These results demonstrate that using GIS to construct ecological indicators and address the MAUP can have a substantive impact not only on correlation results (table 1), but on regression results as well. If we were to focus solely on the results for model 5, we would be forced to conclude that in the Detroit metropolitan area in 1990, neither TRI emissions nor TRI employment was significantly associated with the percentage of blacks in a tract. Our conclusions are quite different, however, when we focus our attention on the results found in models 1–3. These results indicate that in the Detroit metropolitan area in 1990, TRI facility employment was a more important determinant than TRI facility pollution of neighborhood racial composition and that as TRI facility employment increased, the percentage of blacks in a tract decreased.
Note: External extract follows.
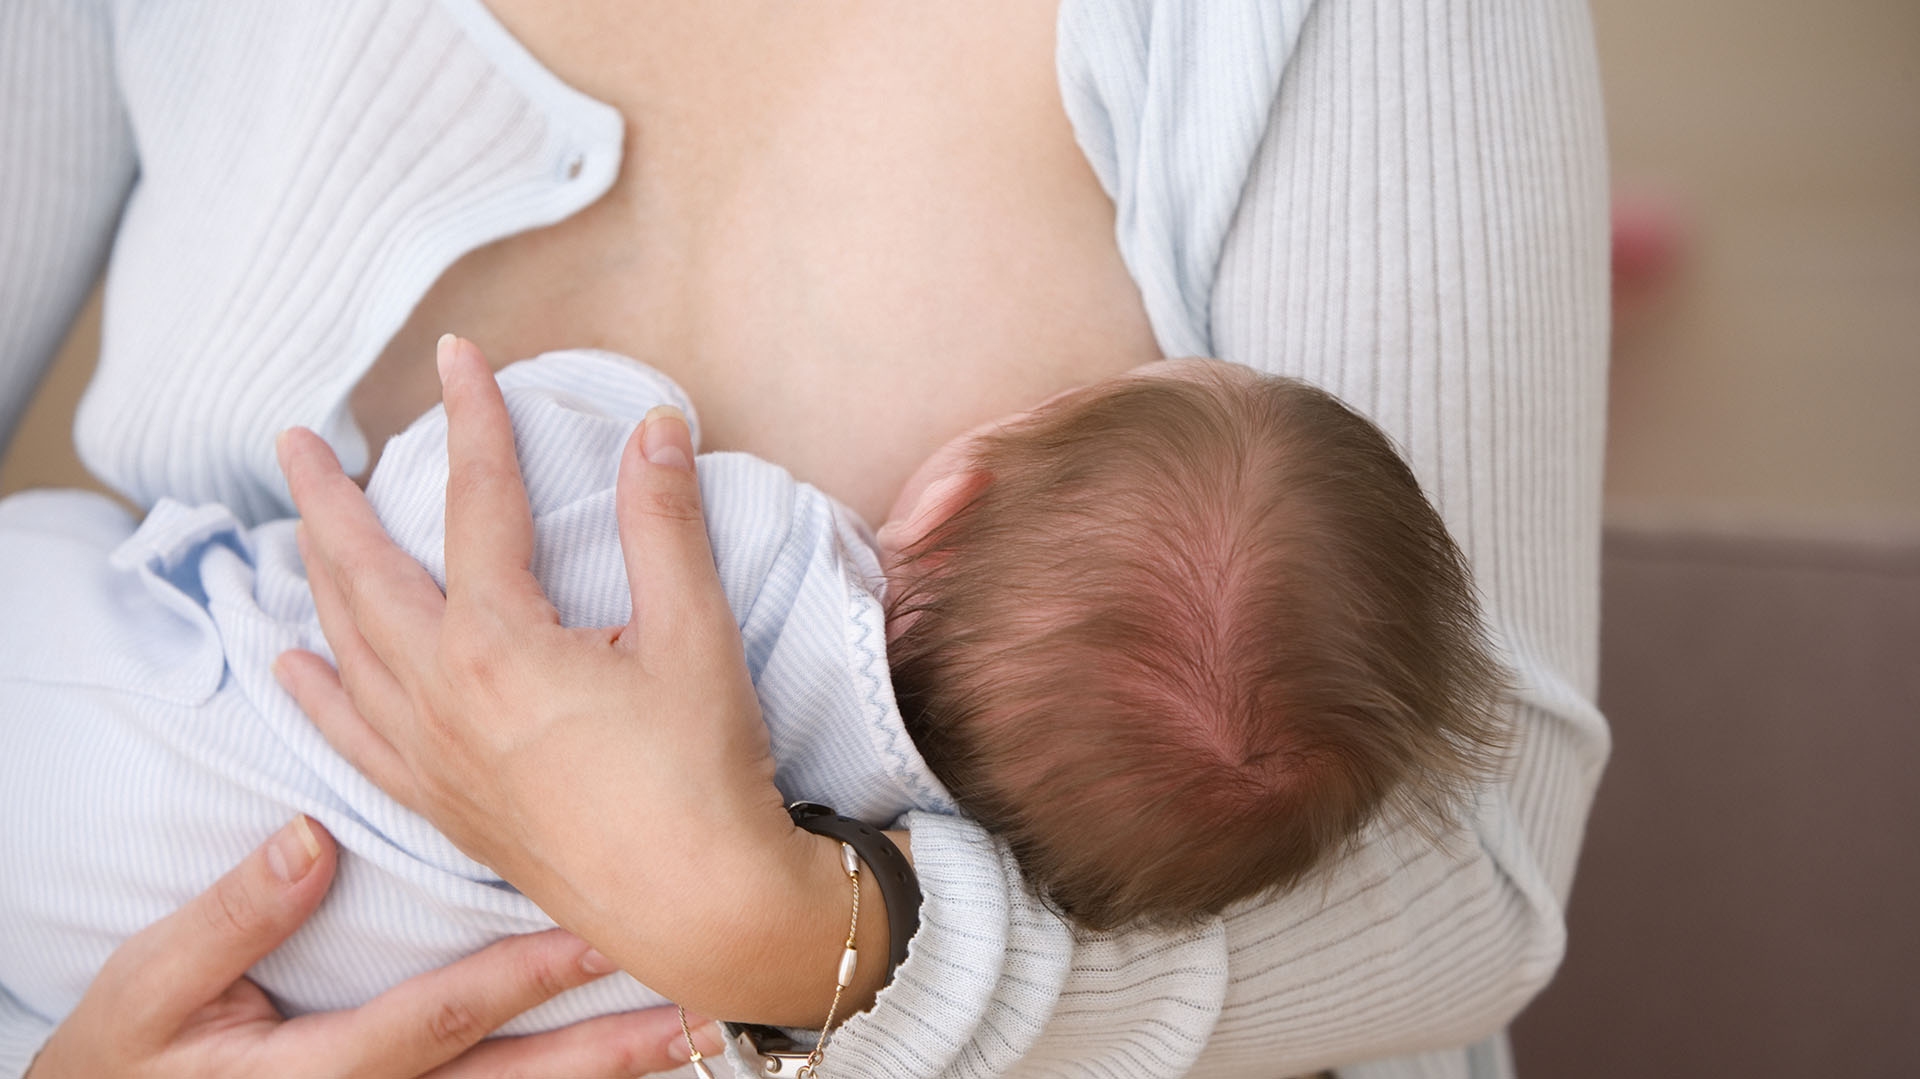 Para Cueto “recomendar a una madre que le dé de mamar a su hijo cada tres horas es desconocer que la lactancia debe ocurrir frente a las señales del bebé y de la madre, no por lo que indica un reloj" (Getty)
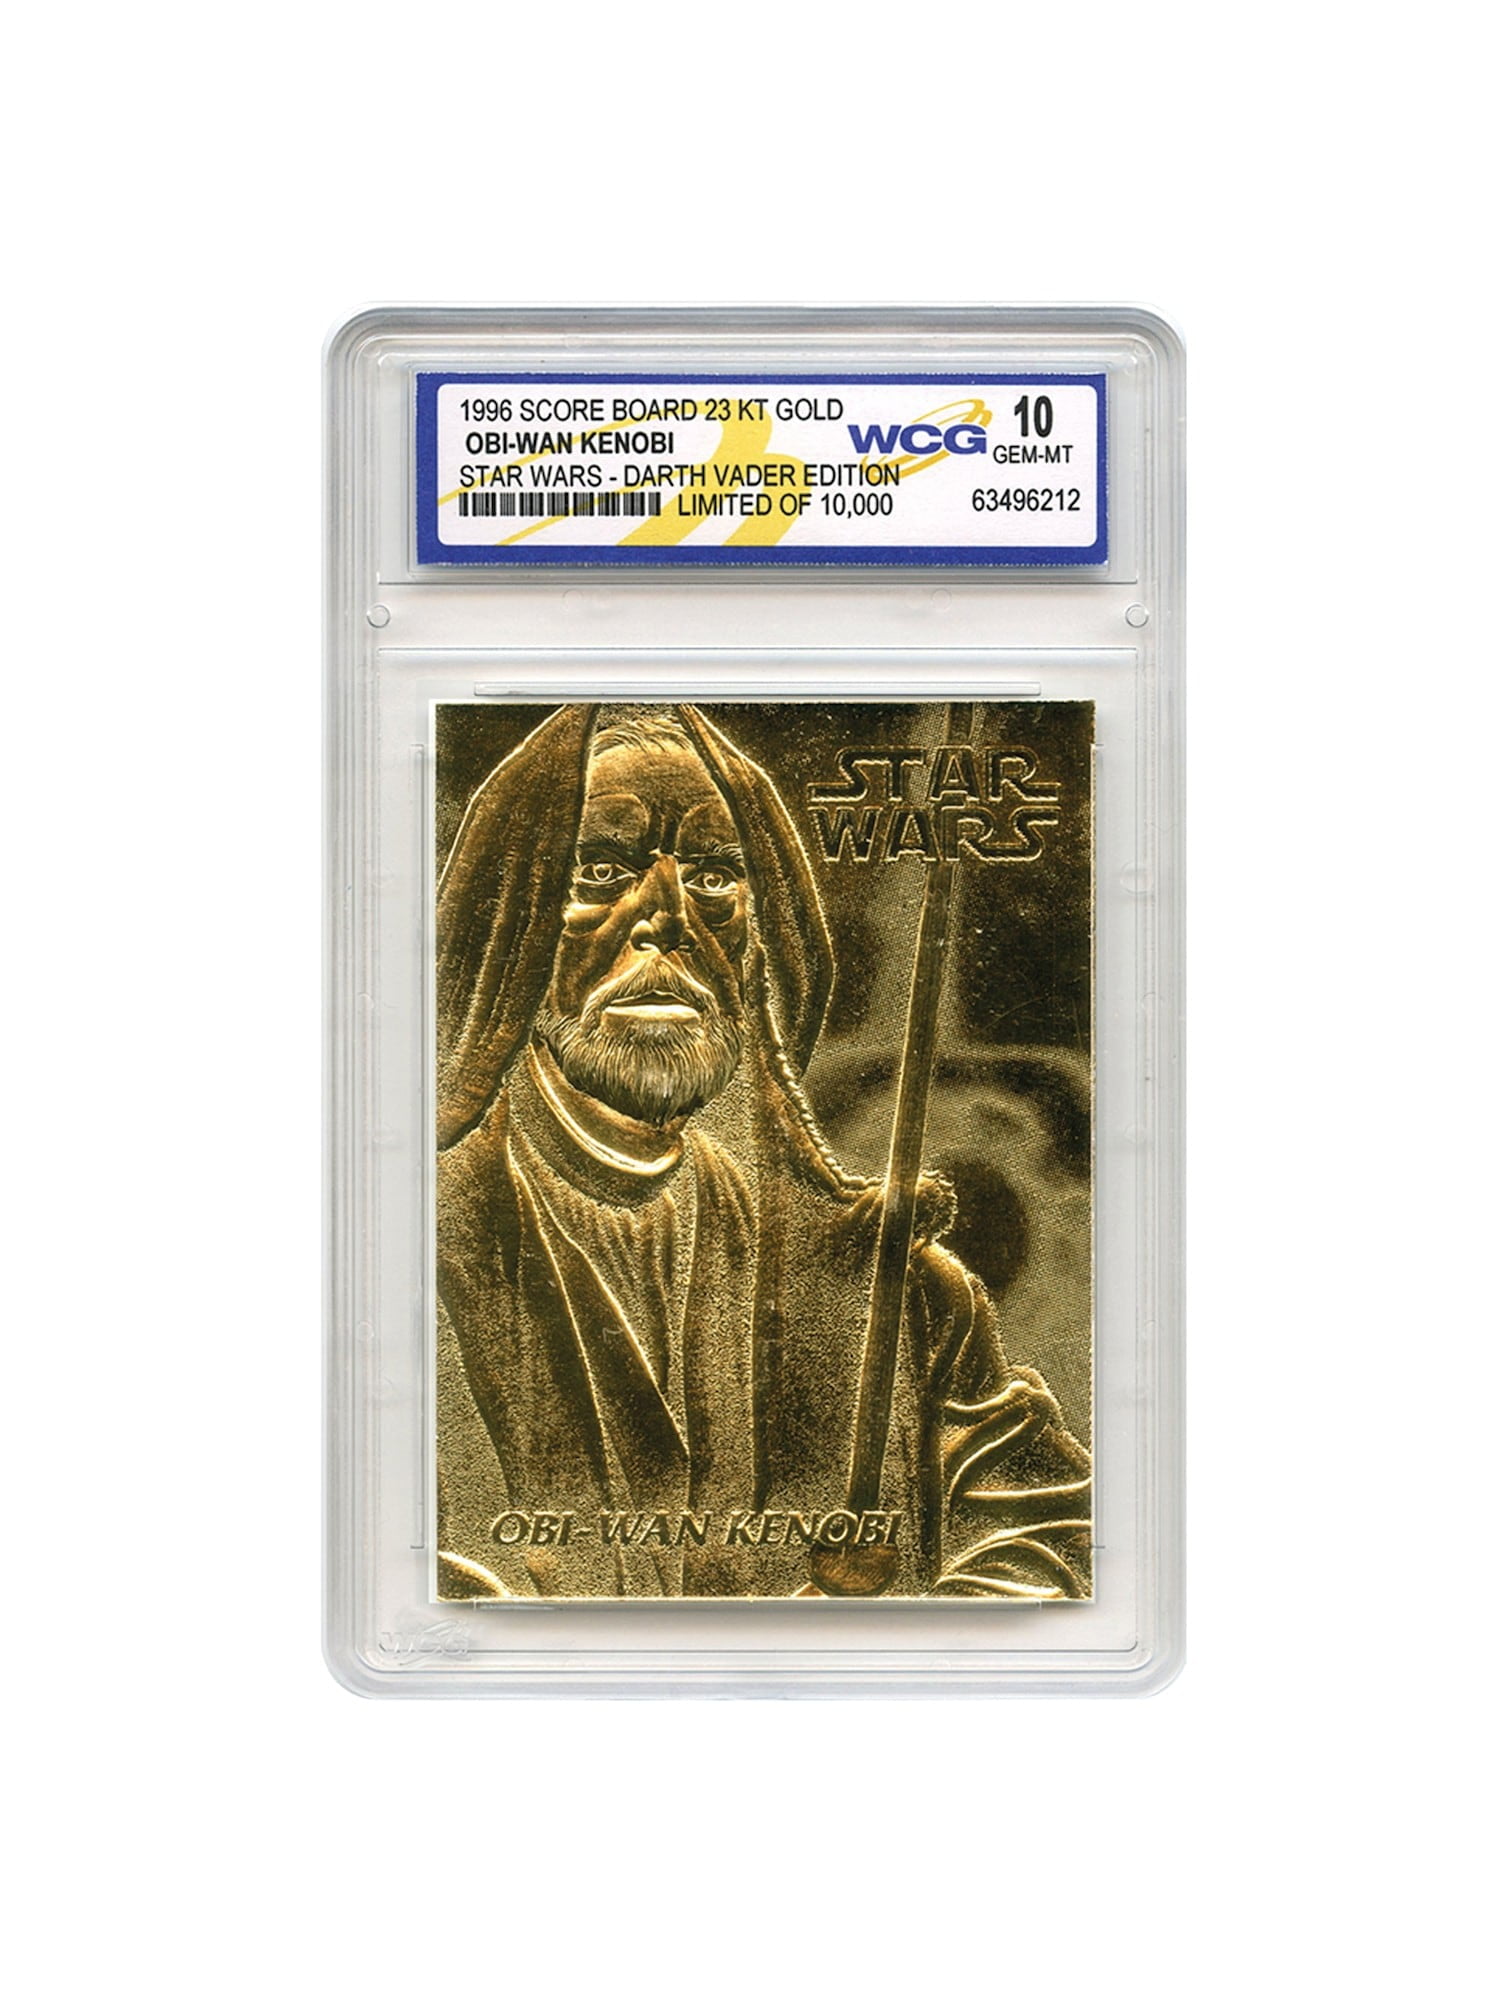 STAR WARS Set of 9 Official 23K Gold Cards Graded Gem-Mint 10 DARTH VADER SERIES

On the one hand, these findings contradict the environmental inequality argument that net of other factors, manufacturing facility pollution is still an important determinant of neighborhood racial composition (Mohai and Bryant 1992). On the other hand, in showing that in the Detroit metropolitan area, %black is negatively associated with average employment, but insignificantly associated with average exposure, these analyses provide tentative support for the argument that for blacks the burdens of industrial production outweigh its benefits (Bullard 1992).

In order to provide more complete support for this argument, we would need to carefully specify the precise distance decay functions and plume modeling parameters needed to estimate TRI facilities’ employment and pollution impacts. Nevertheless, the findings reported in table 2 demonstrate that GIS can be used to convert point data into substantively meaningful aerial-unit indicators that accurately measure observational characteristics operating at different spatial scales. These indicators minimize the methodological problems associated with merging point and polygon data by taking facility location and the boundary problem into consideration and can be constructed whenever researchers merge spatially referenced point data with spatially referenced aerial-unit data such as that provided by the U.S. census.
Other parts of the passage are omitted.